Abstract
Plant cell contains two major cell organelles, chloroplast and mitochondria, which play key roles in energy metabolism as well as in regulating a number of prominent processes. Also, proteins that are located in both chloroplast and mitochondria presumably function distinctly in both locations, and therefore the knowledge about the localization of protein is vital. Hence, a webserver (DualPred) is designed to predict the plant dual-targeted proteins (chloroplast and mitochondria) using novel split protein-relatedness-measure feature and AdaBoost-J48 as a classifier. DualPred adopts two-layer prediction for distinguishing plant proteins dual-targeted to chloroplast and mitochondria from other localized proteins. DualPred was rigorously trained and tested with different benchmark datasets and newly developed independent dataset. Statistical techniques including K-fold cross-validation, detailed ROC analysis, Mathew’s correlation, and area under ROC curves were conducted to assess the performance of DualPred. DualPred achieved an overall accuracy of 85.0% and 91.9% in a 10-fold cross validation on the new DT167 dataset and benchmark dataset, respectively in predicting dual-targeted protein. Validation with the independent dataset (DT167 as model and benchmark dataset as model) achieved overall accuracy of 89.2% and 86.8%, respectively. Also, the Mathew’s correlation and area under ROC curves for the classifiers on different datasets were found to be significant.
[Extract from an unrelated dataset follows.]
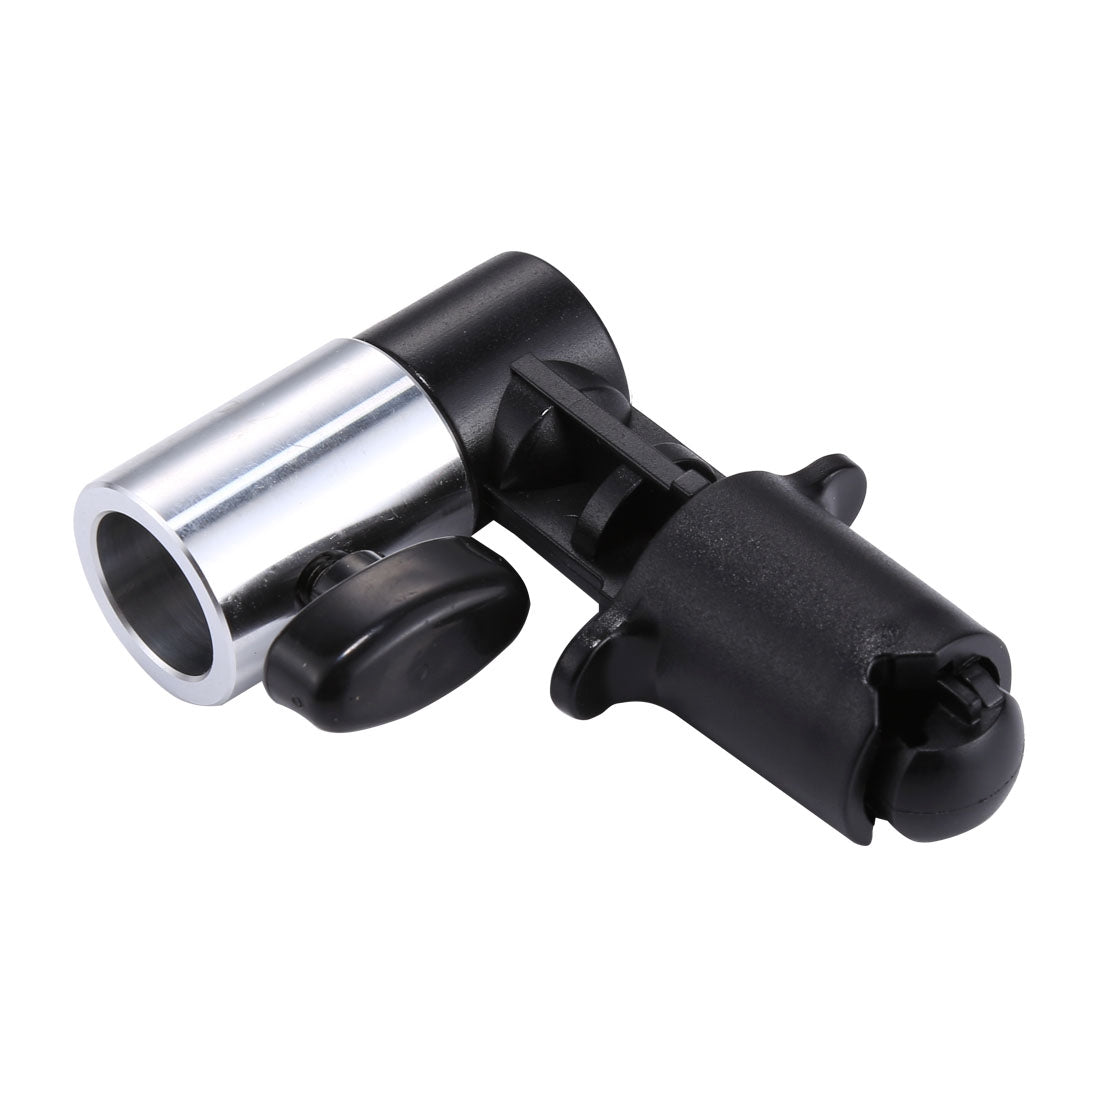 Photo Video Photography Studio Reflector Holder Clip for Light Stand

Hence, based on the results of various validation tests it is evident that the novel feature representation was effective in distinguishing the plant proteins dual-targeted to chloroplast and mitochondria from other localized proteins. DualPred, the web server implementation of the algorithm written in PERL could be accessed freely through http://pcmpred.bicpu.edu.in/predict. php.
Keywords: Adaptive boosting, Best-first method, Chloroplast, Dual-targeted proteins, Mitochondria, Split protein-relatednessmeasure.